Art has a unique capacity of connecting us to past, present and future. Art teaches us that we are something larger than ourselves – organic and inorganic, vegetable and mineral, animal and human, imaginary and real, geometric and biomorphic, natural and synthetic.

Indeed, art teaches us that we are something larger than ourselves – abstract and objective, concealed and revealed, possible and impossible, logical and illogical, realistic and fantastic, countable and uncountable, national and international, terrestrial and cosmic, local and universal.

ECONOMIC IMPACT

Whether you are aware of it or not, art has a significant impact on local and provincial economies and it shapes the very fabric of our society.

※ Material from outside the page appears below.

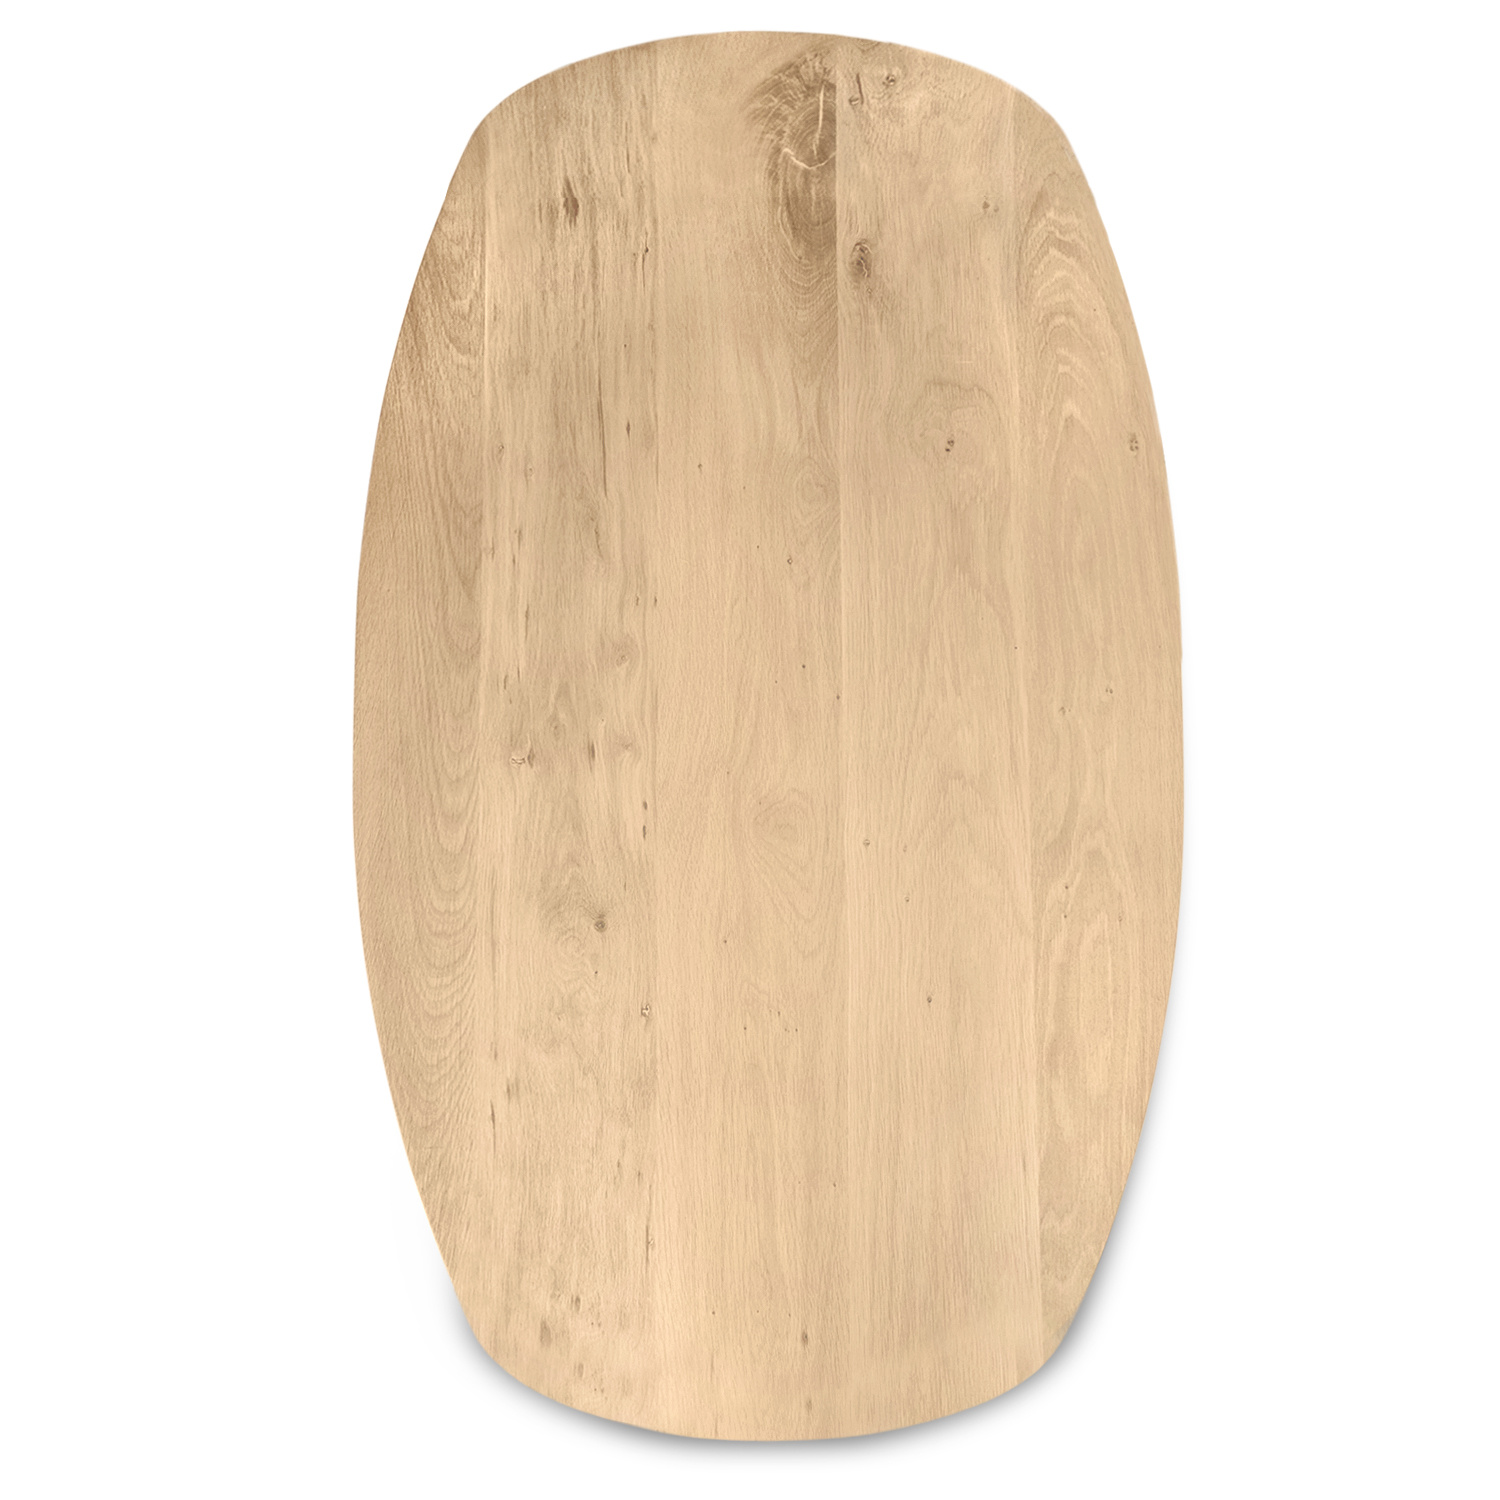  Deens ovaal eiken tafelblad - 2,5 cm dik (1-laag) - Diverse afmetingen - extra rustiek Europees eikenhout - met extra brede lamellen (circa 14-20 cm) - verlijmd kd 8-12%

In North America, there is a surge in art appreciation and art exhibits’ attendance is growing exponentially. Within ten years, Toronto will really be recognized as an art capital like New York, Paris or London. Currently we are not there but Toronto is becoming a very important city from the perspective of international art.

Let’s hope that art exhibits will not disappear but may be with us a long time.

LIVING CULTURE

An art exhibit is a special place, particularly given the disappearance of regular reporting on visual arts in Canada’s national newspapers and broadcasters. Lively and intelligent conversation about culture in this country should be supported.

In an age where visual arts and cultural coverage is disappearing, an art exhibit matters now more than ever before. A conversation about art and culture should be kept alive in our city. Art is and has been one of the important human activities which has impacted positively to human happiness.

In short, art exhibits can have a huge impact. Art exhibits provide a space for reflection, meditation, inspiration, enlightenment, renewal, excitement, amazement, creativity, enjoyment, entertainment, interpretation and allow for learning experiences that may last a lifetime.

Cris de Souza is an artist who also enjoys taking classes in the University in the Community programme. As we look from his perspective at the role art plays in enriching our lives, it serves as a reminder how wonderful it is to open oneself up to new ideas, to discovering a new way of looking at things. Art, like literature, poetry and music, makes us think, and elevates us above everyday life. It reconnects us with what it means to be human. Cris’s passion for art inspires passion in others. Take a look at his reasons for loving art and the importance of art exhibitions to recharge your own passion for the enjoyment of art.